Impeachment has never happened in Maine and Thursday’s proceedings were as close as the state has come to ousting a governor, which for some Democrats is unquestionably a priority. Will Democrats who balked at impeachment suffer in this year’s elections? They’ll surely have some explaining to do at the state convention and on the campaign trail.

And, the discussion about ousting elected officials might not be over. Democratic Rep. Justin Chenette of Saco is proposing a bill to establish a recall process in Maine, which would allow voters to pull a governor or lawmaker out from under the dome. The bill requires approval of the bipartisan Legislative Council before it can be introduced, which could be a tough climb given that the second year of each legislative session normally is reserved for budget tweaks and emergencies.

What about LePage?

LePage’s actions as governor have divided the electorate, causing many Democrats to fixate on finding ways to oust or neuter him. Republicans who support LePage characterized the impeachment effort as a desperate attempt by Democrats to use their majority in the House to achieve what they could not accomplish at the ballot box.
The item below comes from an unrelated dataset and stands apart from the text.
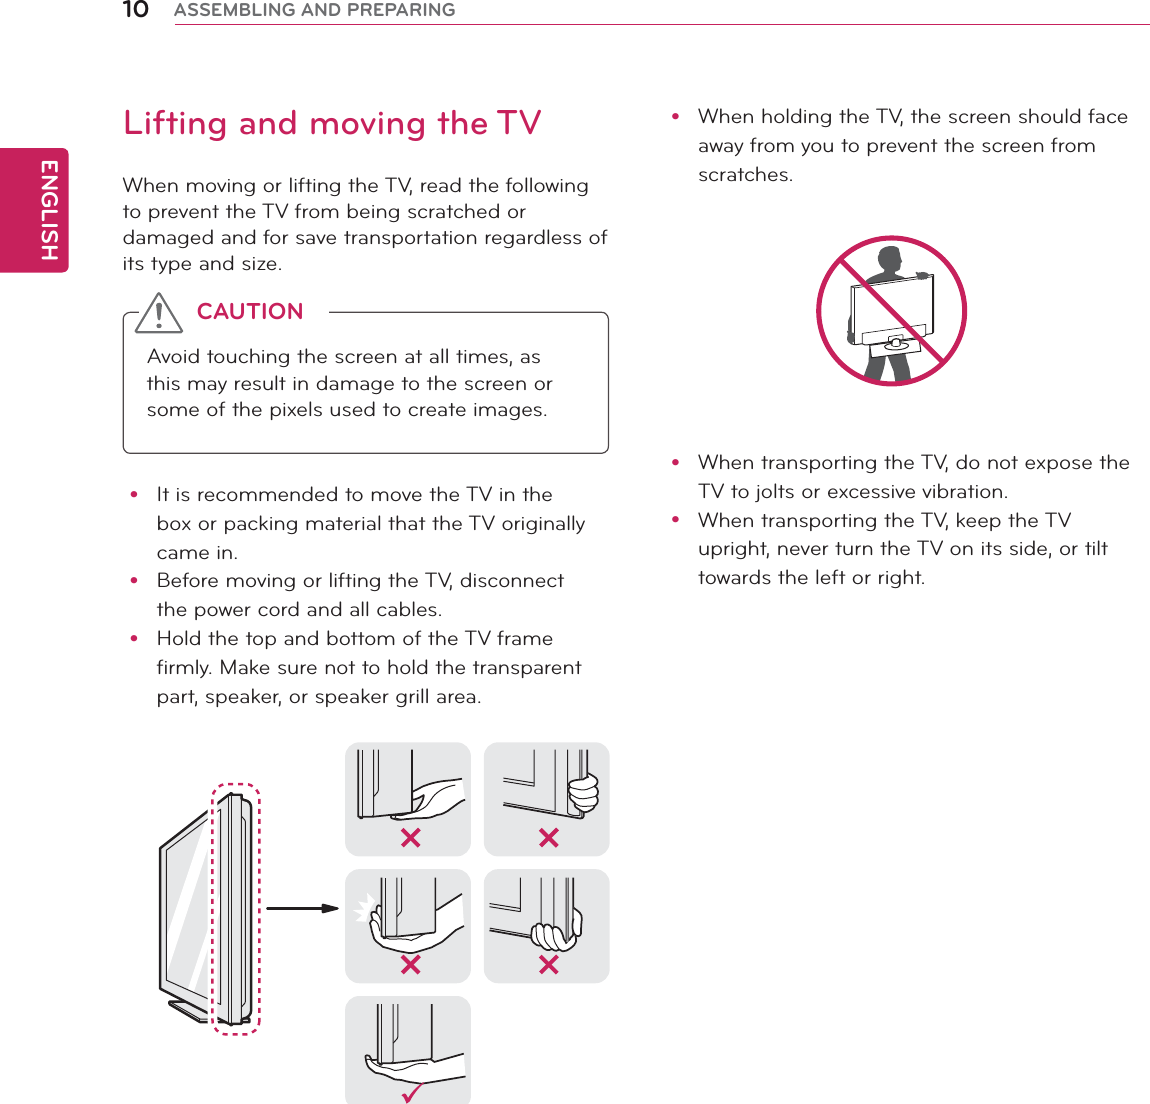 ENGLISH10 ASSEMBLING AND PREPARINGy When holding the TV, the screen should face away from you to prevent the screen from scratches. y When transporting the TV, do not expose the TV to jolts or excessive vibration.y When transporting the TV, keep the TV upright, never turn the TV on its side, or tilt towards the left or right.Lifting and moving the TVWhen moving or lifting the TV, read the following to prevent the TV from being scratched or damaged and for save transportation regardless of its type and size.Avoid touching the screen at all times, as this may result in damage to the screen or some of the pixels used to create images.CAUTIONy It is recommended to move the TV in the box or packing material that the TV originally came in.y Before moving or lifting the TV, disconnect the power cord and all cables.y Hold the top and bottom of the TV frame firmly. Make sure not to hold the transparent part, speaker, or speaker grill area.

LePage for weeks labeled the impeachment proceedings “a witch hunt,” claiming there is no legal basis to impeach him. Although plenty of lawmakers and LePage opponents disagree, from the perspective of the electorate LePage’s argument probably had legs. It was bolstered in December when Democratic Attorney General Janet Mills and Kennebec County District Attorney Maeghan Maloney announced they would not pursue criminal charges against the governor.

Expect LePage to use the impeachment debate as Exhibit A as he takes his case to voters that legislators waste time and fail to focus on Maine’s pressing needs.
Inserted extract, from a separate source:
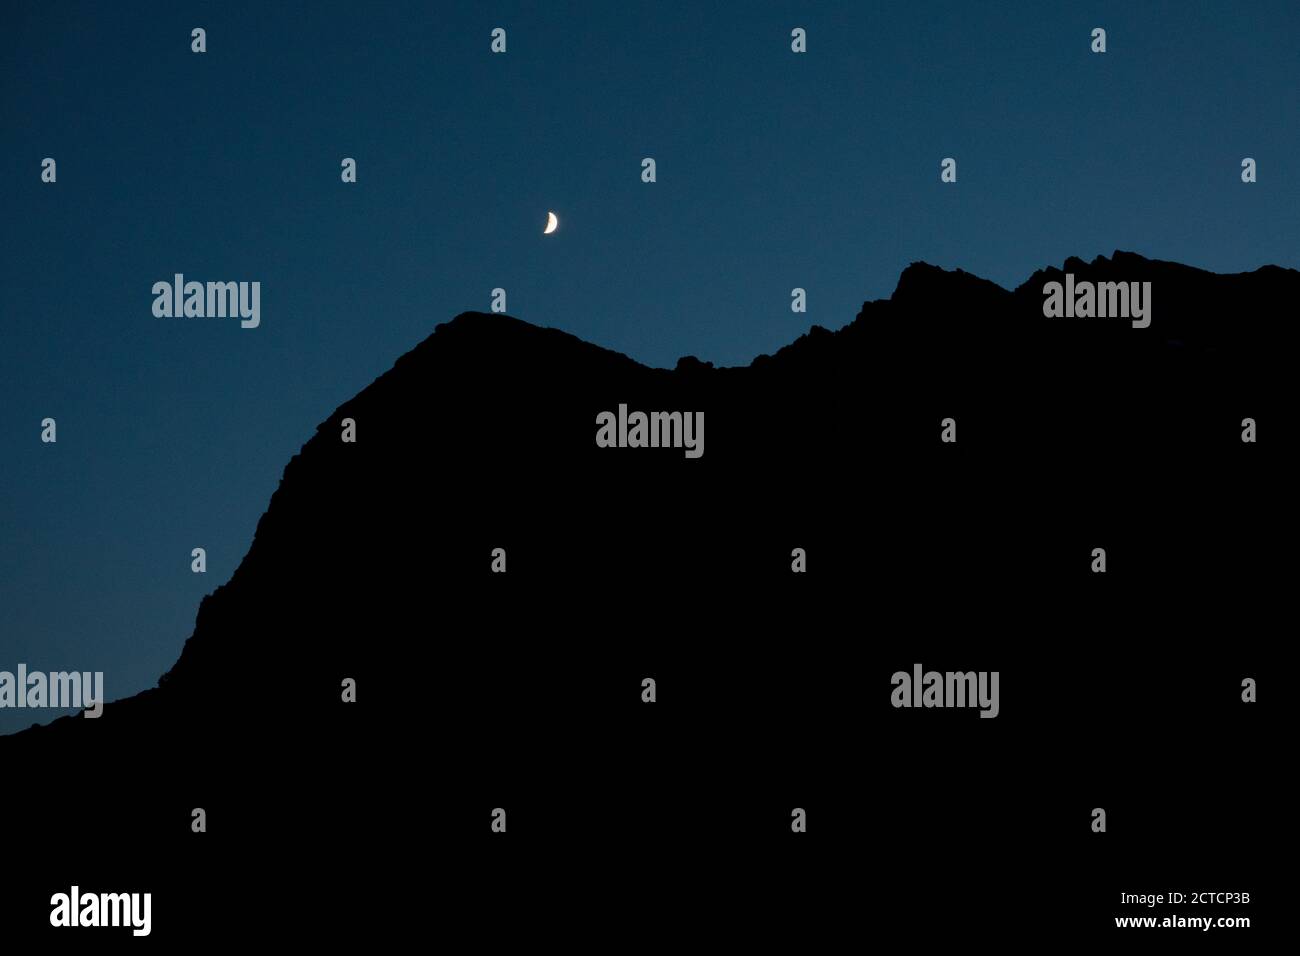 Crescent moon with silhouette of mountain ridge against clear sky at night Stock Photo

That narrative, however, will continue to make it difficult for LePage to win legislative approval of his policy goals, opening him to further claims of ineffective leadership. LePage painted himself into a political corner during last year’s bruising legislative session when he went on a historic veto spree with the stated intention of wasting the Legislature’s time. He repeatedly lashed out at members of his own party and even pledged to campaign against some of them this year, thereby undermining relationships with potential Republican allies in the Senate.
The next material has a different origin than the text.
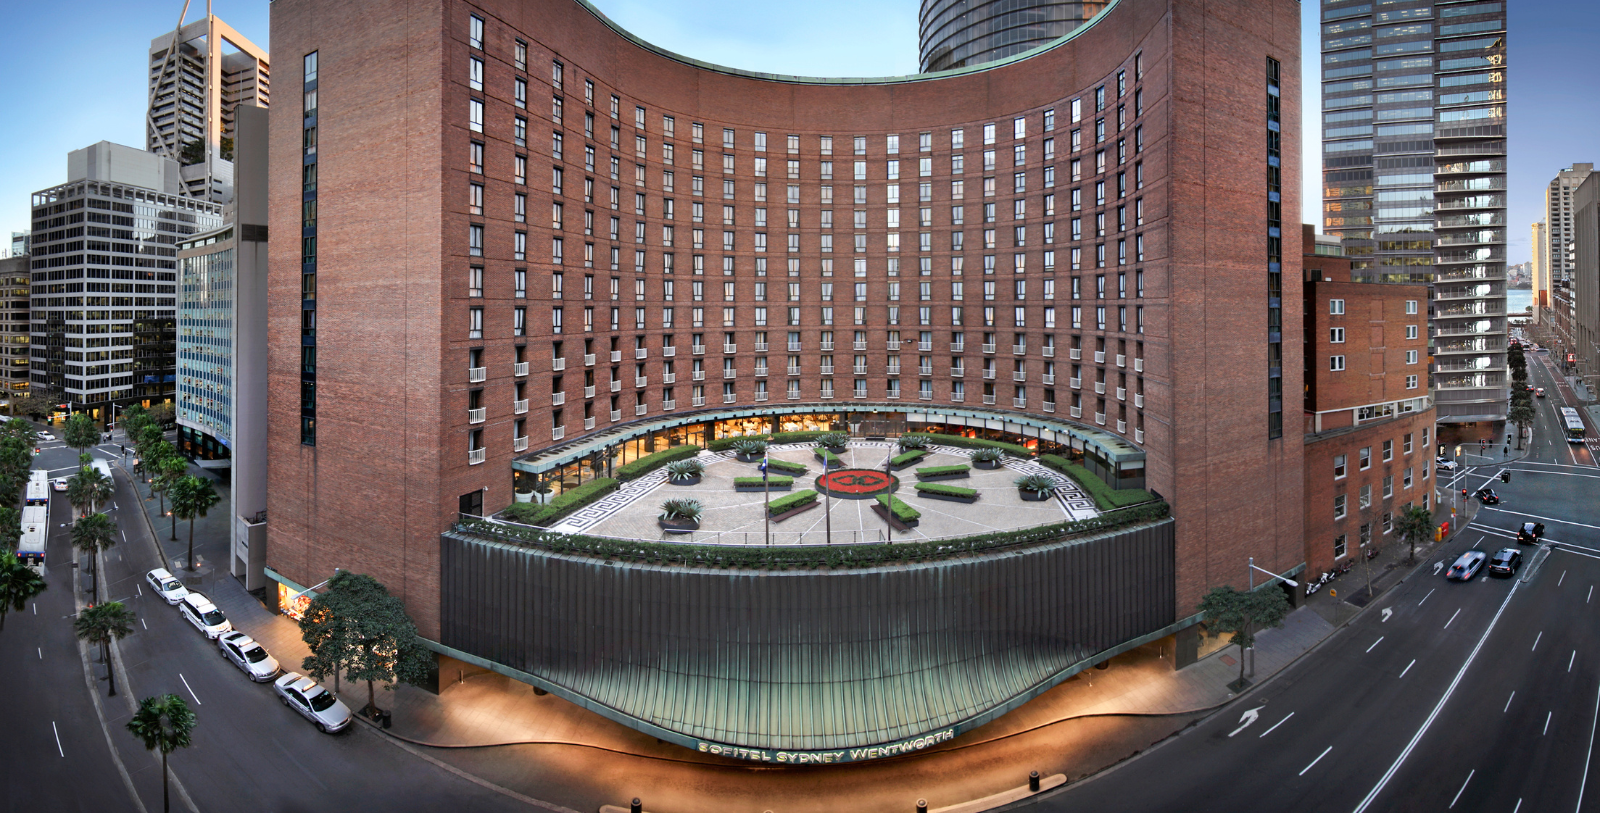 Discover the serene courtyard garden, an oasis of calm sheltered by the hotel's signature curved exterior.

In recent months LePage has taken many steps to circumvent the Legislature altogether, most recently when he tried to derail a legislative bill to fight drug addiction with a financial order.

Legislative leaders repeatedly have said they want to work with LePage on this year’s important issues — such as the drug bill and efforts to fund indigent legal services and county jails — but LePage has shown innumerable times during the past five years that he is a “my way or the highway” leader. That’s unlikely to change with rancor over impeachment washing through the State House.

What’s the bottom line?

Split majorities in the Legislature and a Legislature that’s largely at odds with LePage — not to mention the fact it’s an election year — probably means little will be accomplished this year. With the exception of a few issues that need attention, the state’s finances are in the black and there are so far no major crises that demand immediate action.

That said, expect Democrats and Republicans to make a lot of noise with election-year proposals that have no chance of passage, such as expanding Medicaid to tens of thousands more Mainers, all with an eye toward November and the crushing amount of campaign rhetoric that will blanket Maine between now and then.

Although his name won’t appear on any ballot, expect LePage to be the focus of much of that rhetoric.

 

CORRECTION:

A previous version of this report misspelled Rep. Lori Fowle’s name.